Why you will love this opportunity: Amazon is investing heavily in building a world-class advertising business. This team defines and delivers a collection of advertising products that drive discovery and sales. Our solutions generate billions in revenue and drive long-term growth for Amazon’s Retail and Marketplace businesses. We deliver billions of ad impressions, millions of clicks daily, and break fresh ground to create world-class products. We are a highly motivated, collaborative, and fun-loving team with an entrepreneurial spirit - with a broad mandate to experiment and innovate.
Impact and Career Growth: You will invent new experiences and influence customer-facing shopping experiences to help suppliers grow their retail business and the auction dynamics that leverage native advertising; this is your opportunity to work within the fastest-growing businesses across all of Amazon! Define a long-term science vision for our advertising business, driven from our customers' needs, translating that direction into specific plans for research and applied scientists, as well as engineering and product teams. This role combines science leadership, organizational ability, technical strength, product focus, and business understanding.
Key job responsibilities
As a Senior Applied Scientist on this team, you will:
* Be the technical leader in Machine Learning; lead efforts within this team and across other teams.

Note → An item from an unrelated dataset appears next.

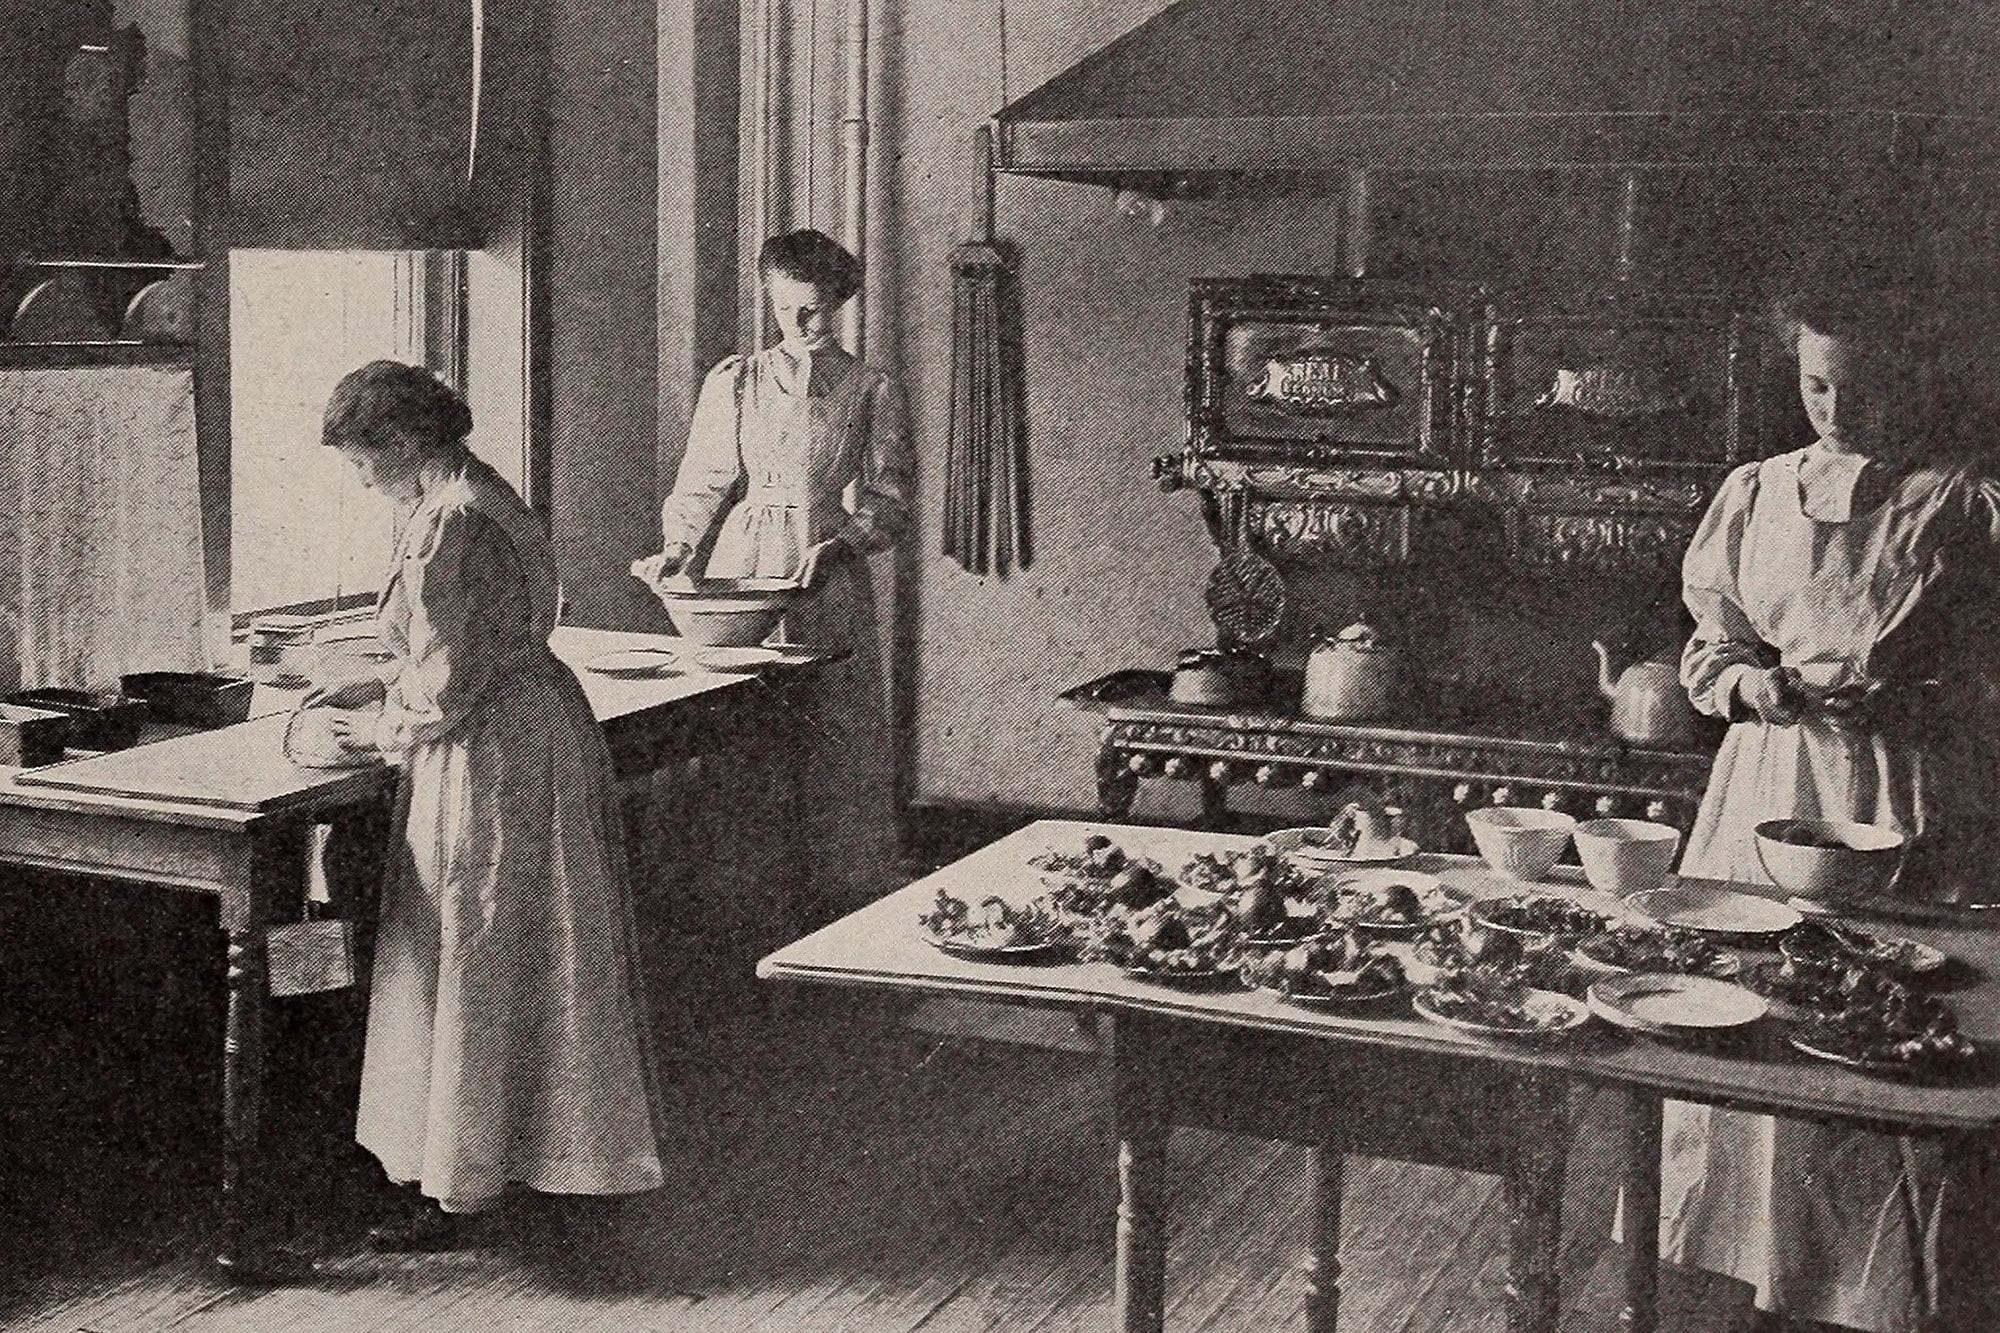 Cookbooks and Contagion: Recipes for Caring from Fannie Farmer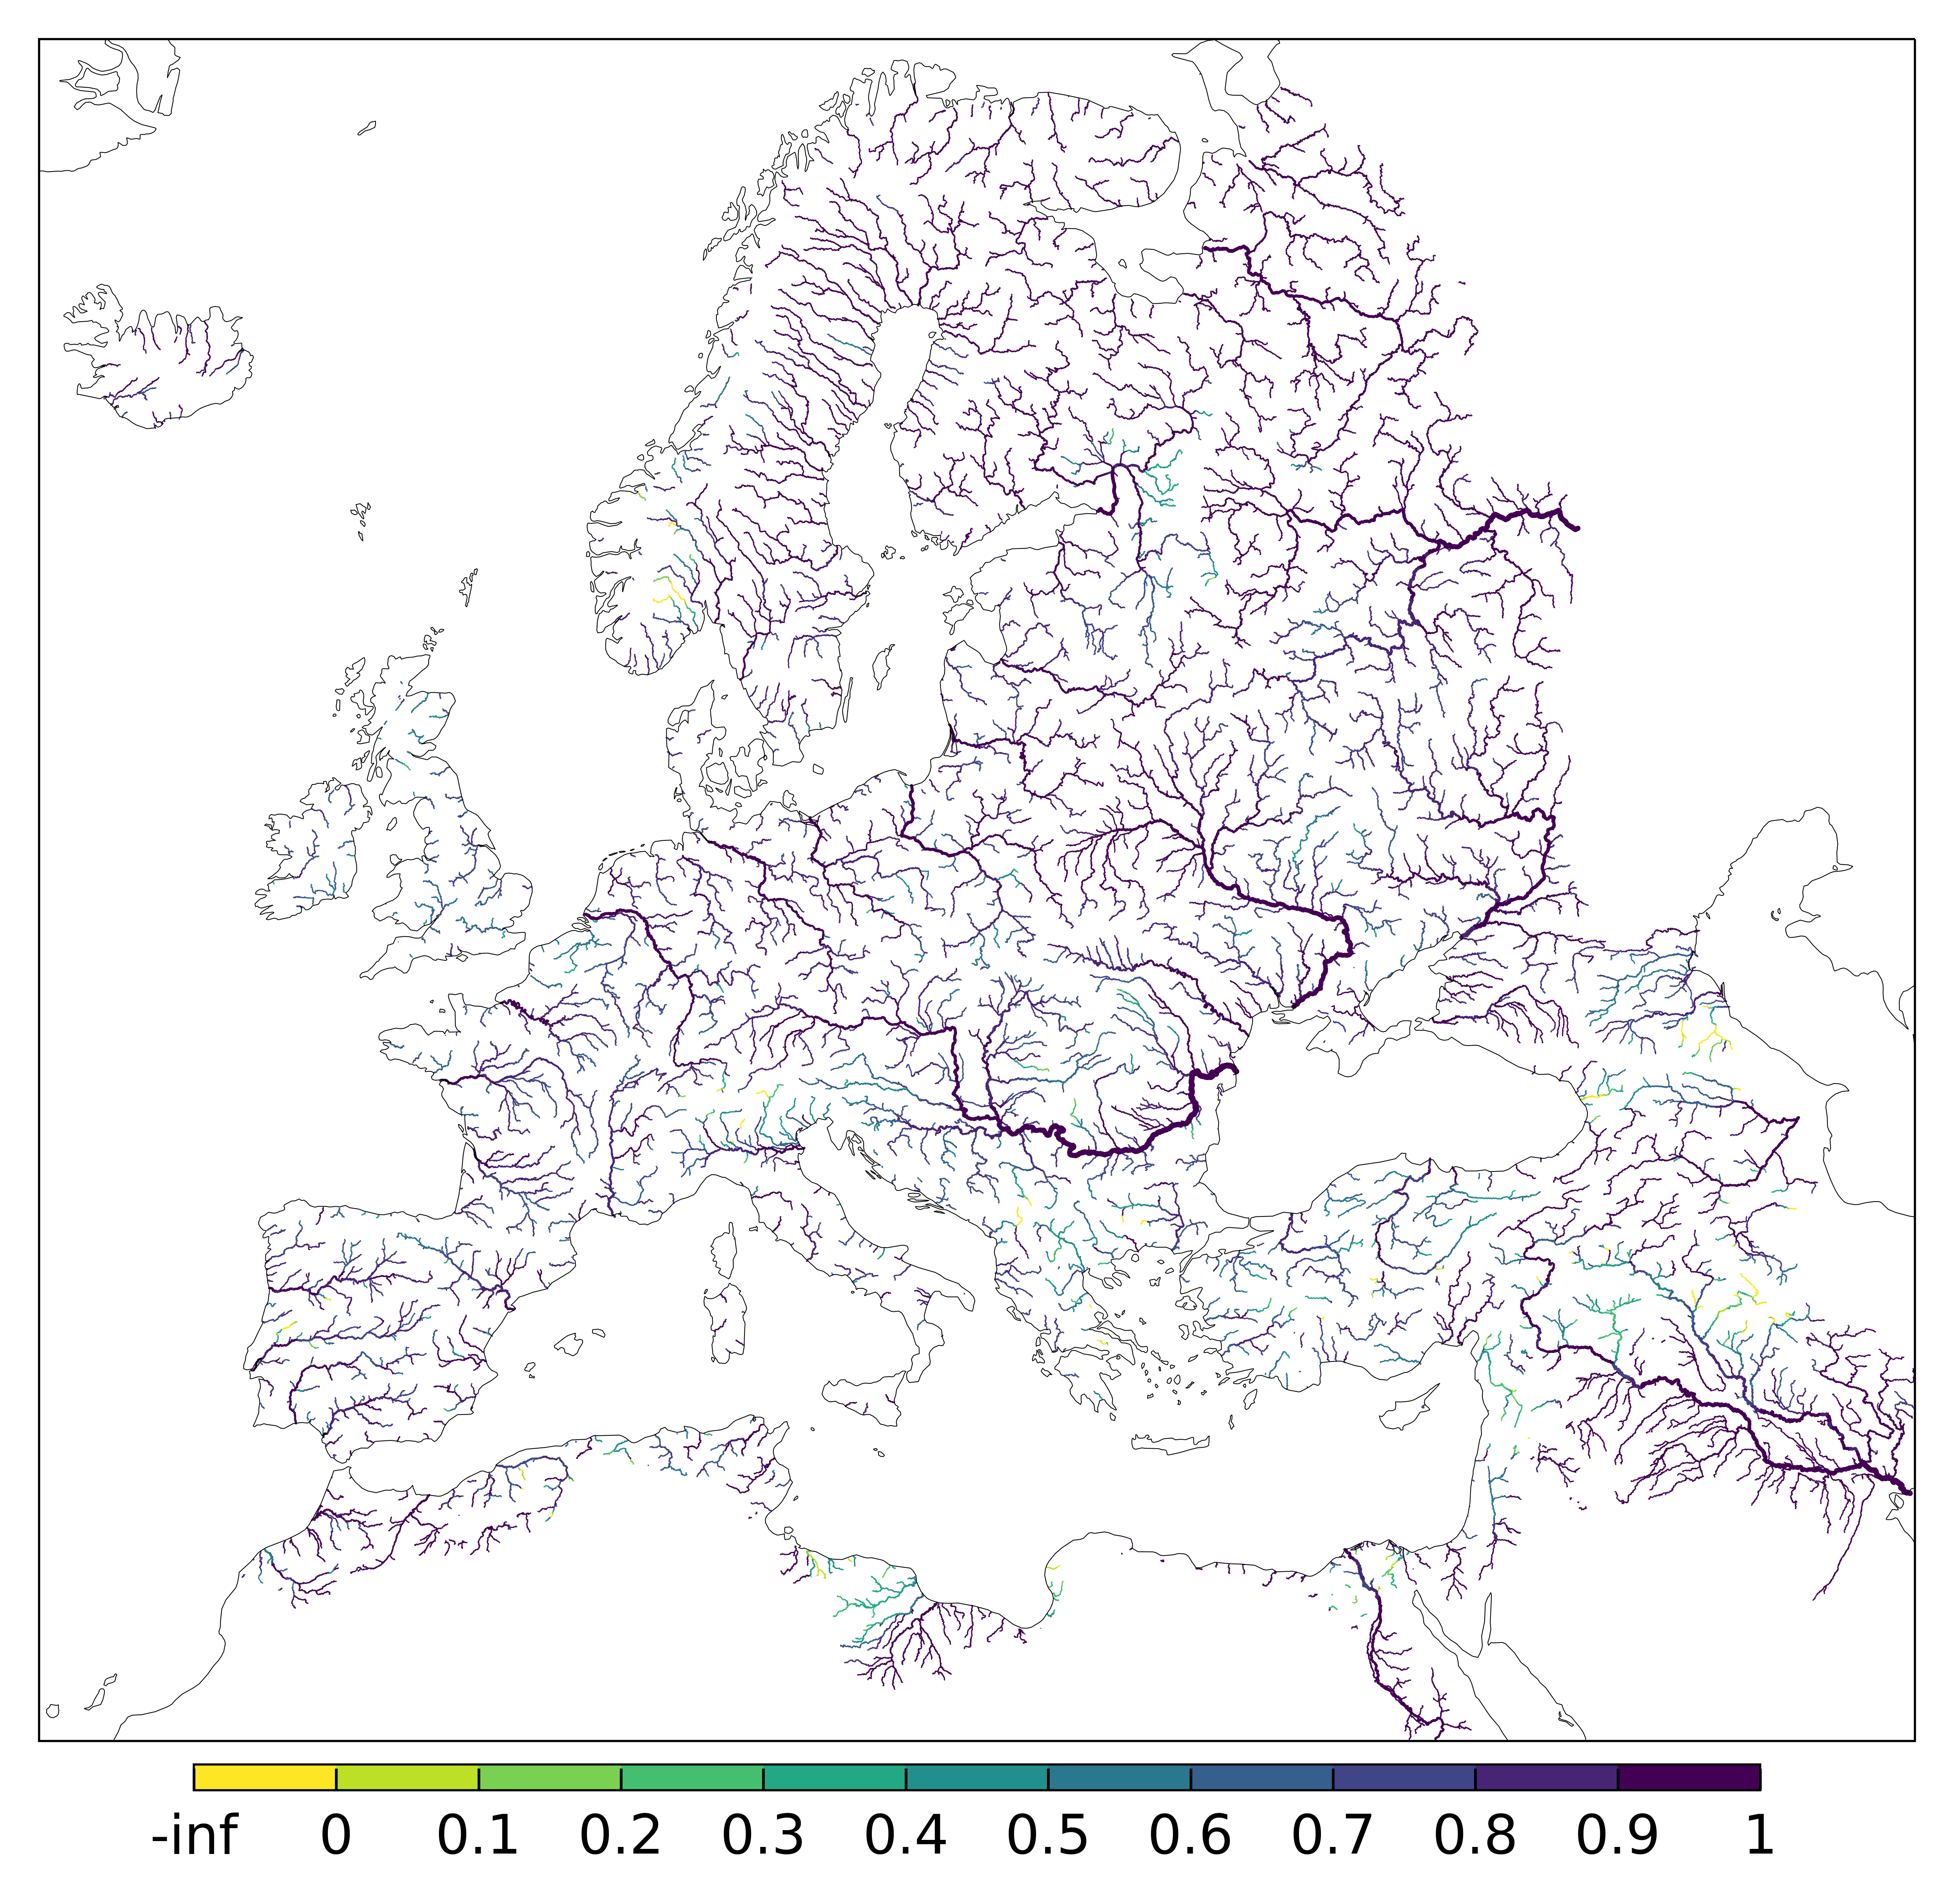 Figure 1. EFAS CRPSS at lead-time 1 day for December 2023 across the EFAS domain for catchments larger than 1000km2. Climatology is used as the reference forecast.

* Perform hands-on analysis and modeling of enormous data sets to develop insights that increase traffic monetization and merchandise sales, without compromising the shopper experience.
* Drive end-to-end Machine Learning projects that have a high degree of ambiguity, scale, complexity.
* Build machine learning models, perform proof-of-concept, experiment, optimize, and deploy your models into production; work closely with software engineers to assist in productionizing your ML models.
* Run A/B experiments, gather data, and perform statistical analysis.
* Establish scalable, efficient, automated processes for large-scale data analysis, machine-learning model development, model validation and serving.
* Research new and innovative machine learning approaches.
* Recruit Applied Scientists to the team and provide mentorship.